The structure of the input-output table has two main functions: firstly, as a descriptive framework which explains interrelationships between industries or between inputs and outputs, and secondly, as material which provides data for describing the effect of a change in an activity or sector of the economy. The structure of an input-output table comprises of four quadrants as shown in Figure 4.2.

Industry sectors

Sector A (Agriculture, Crude oil, petroleum or Services)

Final Demand

Total Output

Sector A (Agriculture, Crude oil, petroleum or Services)

Quadrant I


Quadrant II



Primary Inputs

Quadrant III


Quadrant IV



Total Input




Figure 4.2: Structure of an Input-Output Table

In quadrant I (A), there are "inter-industry transactions", i.e. transactions of commodities which are used as inputs in sectors. Numbers in a single row represent outputs allocated to sectors as inputs, and it is termed as "interindustry demand". Numbers in a column show the uses of inputs of a sector in a column, and the inputs are called "intermediate inputs". In input-output analysis, this quadrant plays an important role, because the sectoral interdependencies occur in this quadrant. The determination of multiplier effects is based on figures in quadrant I. In quadrant II (Y), the column represents private consumption, government consumption (federal, state, local), changes in inventory, gross fixed capital formation, and export. In a single row this quadrant represents the composition of final demand from a sector and how the output is provided. Likewise, a column shows the distribution of each final demand component by sectors.

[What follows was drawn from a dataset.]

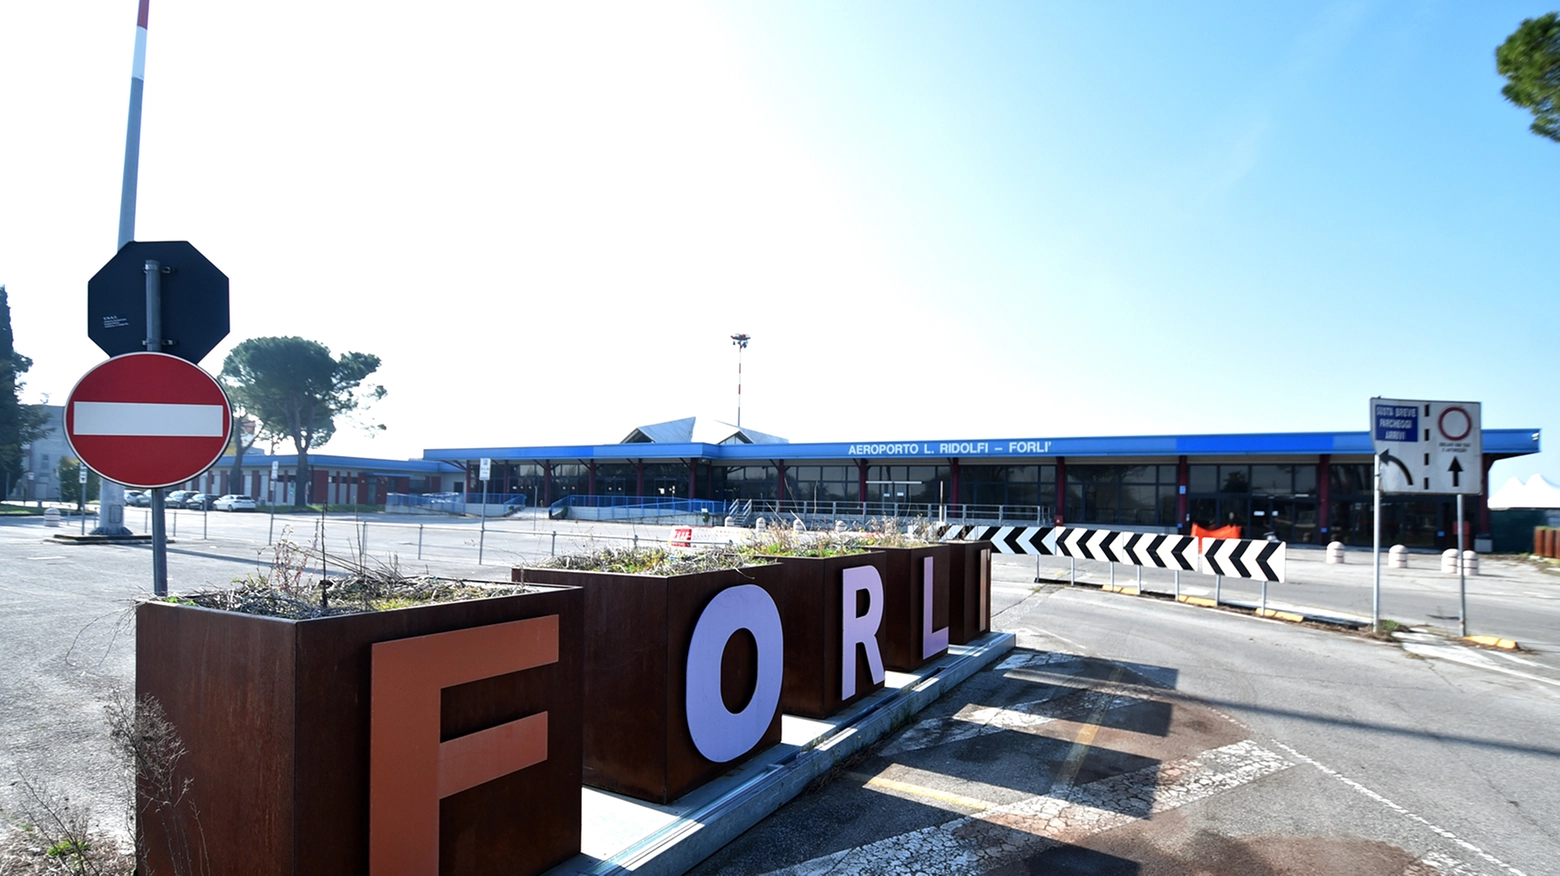 Aeroporto di Forlì (Foto Fantini)
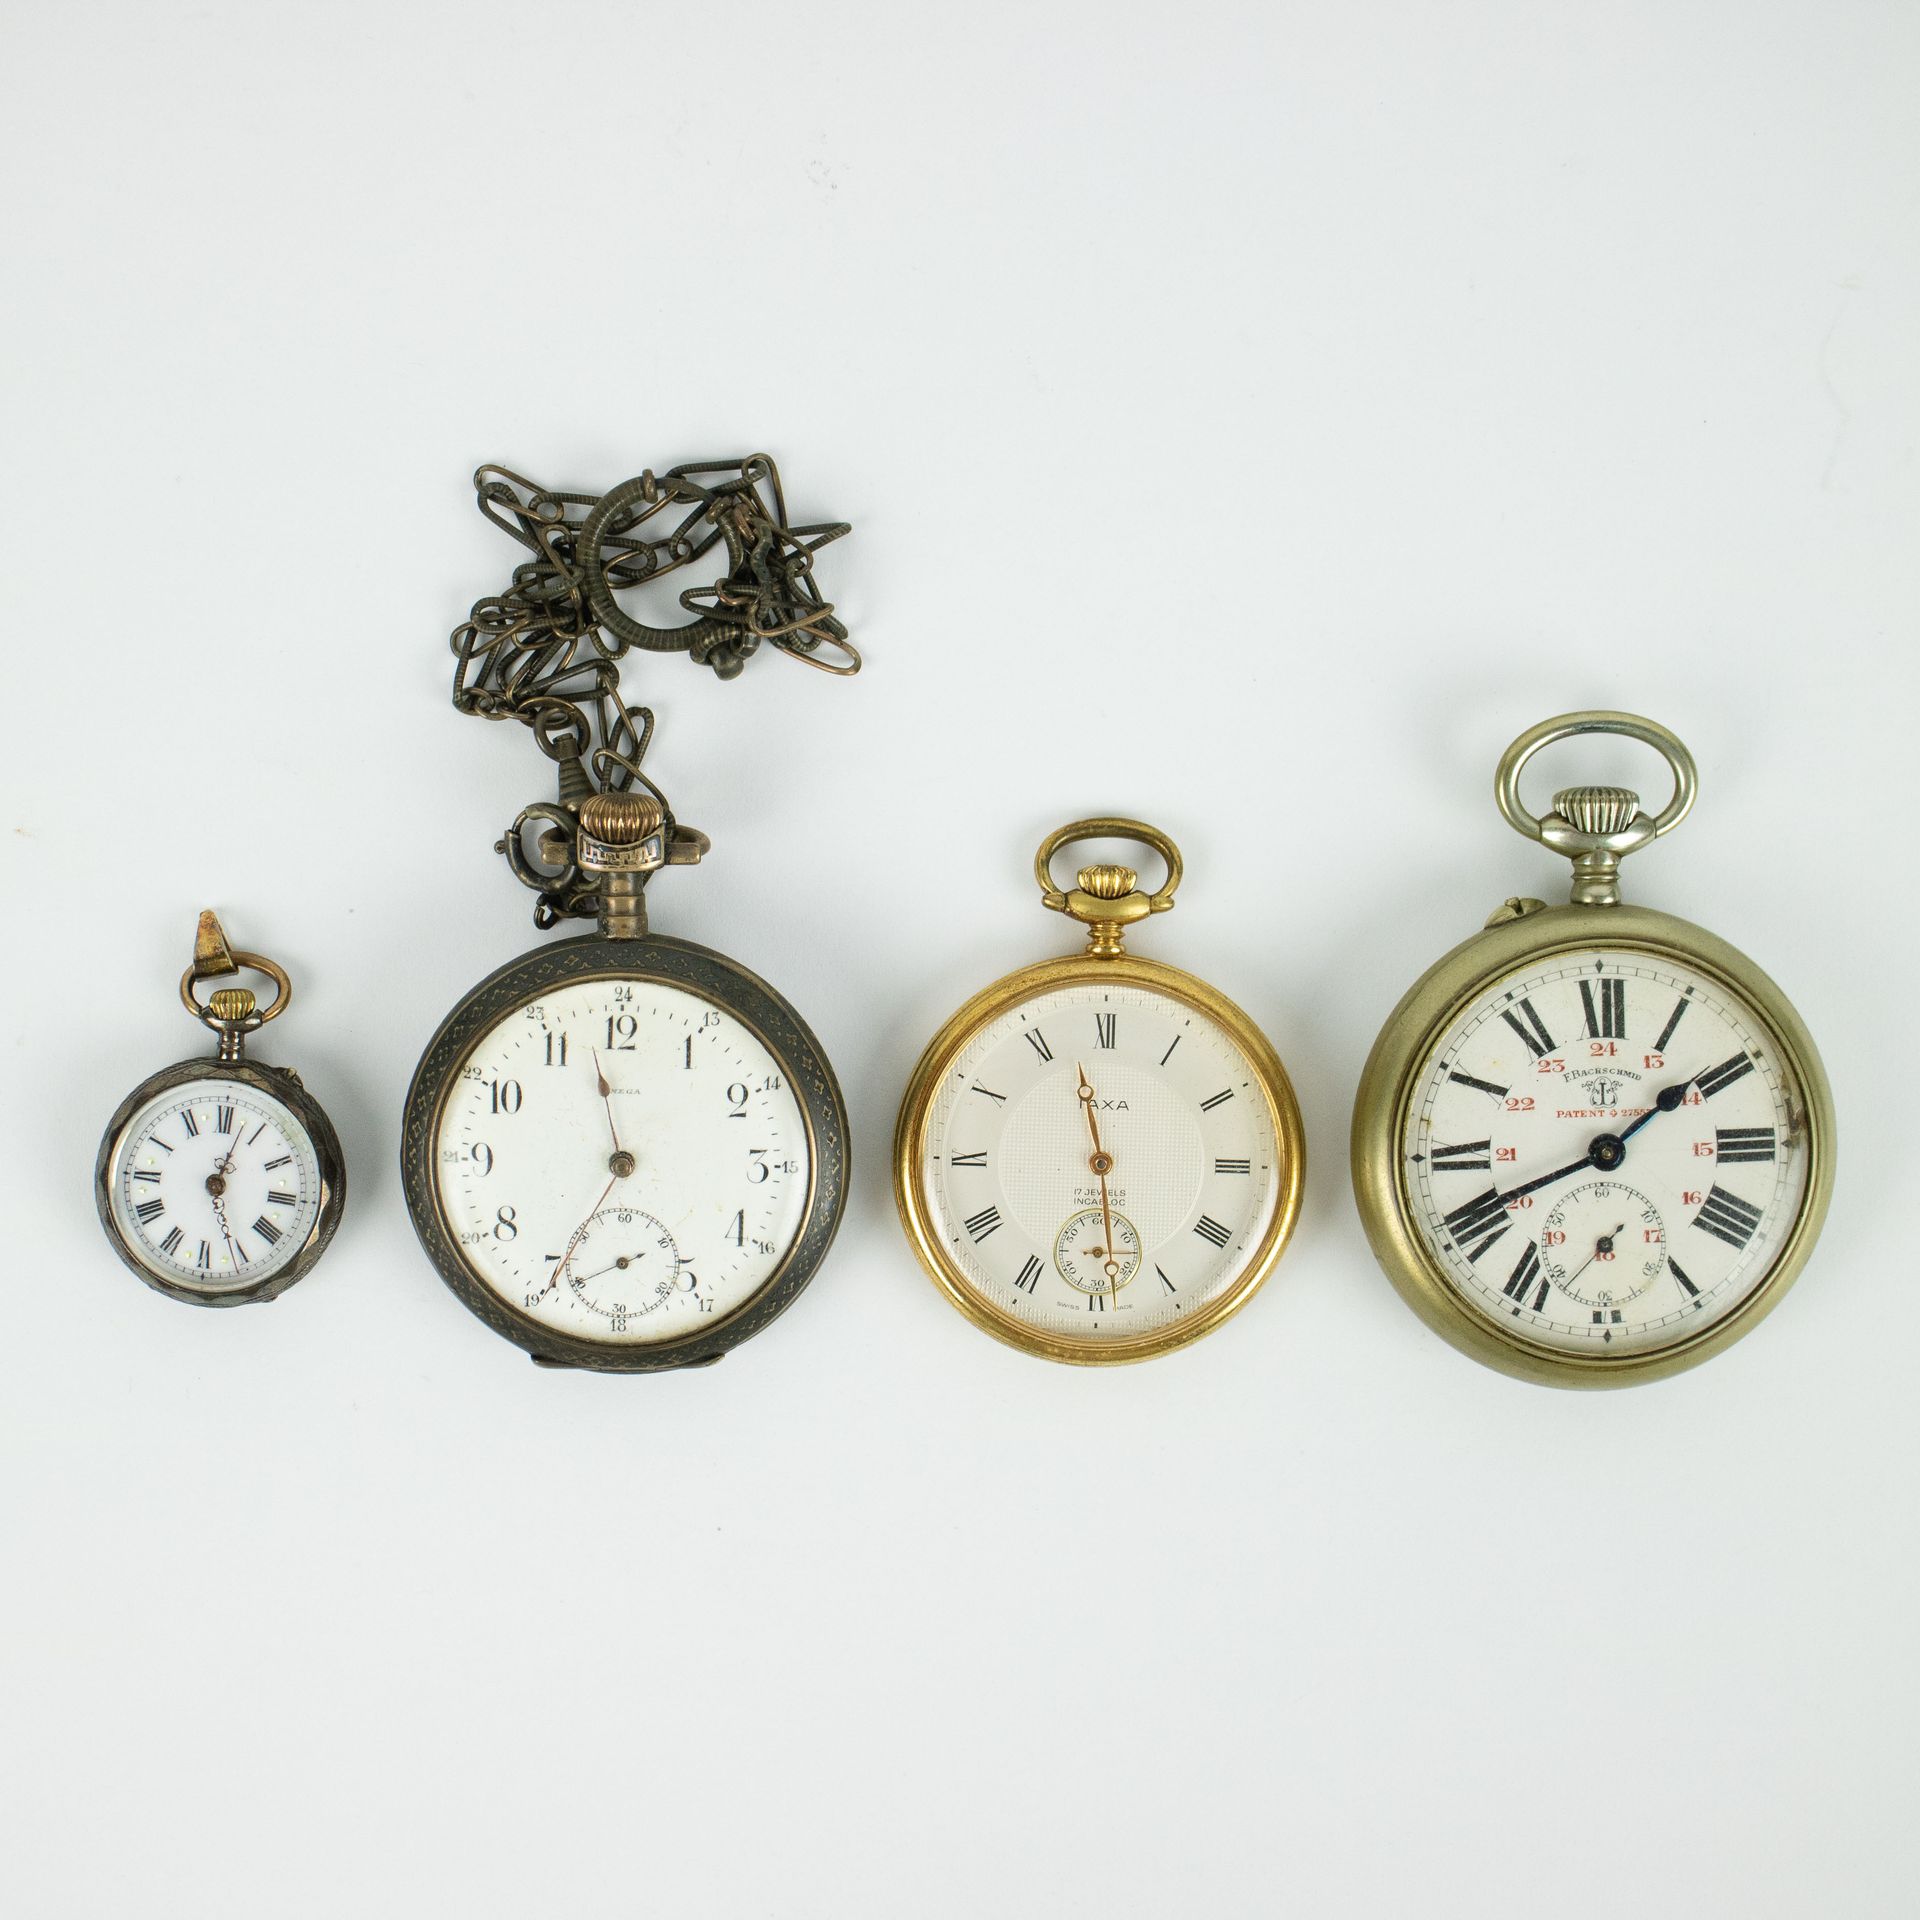 4 pocket watches A.O. A F. BACHSCHMID - Reloj de bolsillo - 1900, IAXA - Reloj d&hellip;

Quadrant III (W) is usually called the "primary input" quadrant or the value-added quadrant. It contains gross value-added or primary inputs. A single row represents the distribution of gross value added by sectors, while a single column shows the composition of gross value component of gross value-added. Unlike other quadrants, in which one can interconnect, quadrant IV (V) is basically used for determining the gross domestic. This quadrant takes the sum of the incomes in the last row, which is equal to the sum of the outlays in the last column. The figure denotes the GDP.

It shows the changes in consumption may affect the production of different sectors then describe the structure of the economy and its interaction with the environment. For example, changes in agricultural product sales will have immediate (direct) effects on the food and beverages industry, but cause minimal immediate (indirect) effects on the transportation industry, and any other industries which provide inputs to the food and beverages industry. In this respect, input-output models illustrate how the economic changes in one industry can influence other industries.

Thus, input-output models consider both direct and indirect effects of all economic activities. This approach is able to distinguish between the intermediate demand effect (or production demand) and the final demand effect (or consumption demand). The production demand can be further divided into direct and indirect production demands. For example, households purchase goods and services for direct use; this constitutes the direct consumption demand effect. But, if the final demand for the output of a particular industry increases, a corresponding increase in the inputs to that industry is also necessary (this is the direct production demand effect). In the same way, increases in inputs from other industries must lead to a corresponding increase in the outputs from these sectors, and so forth for an unending number of rounds (these correspond to the indirect production effect).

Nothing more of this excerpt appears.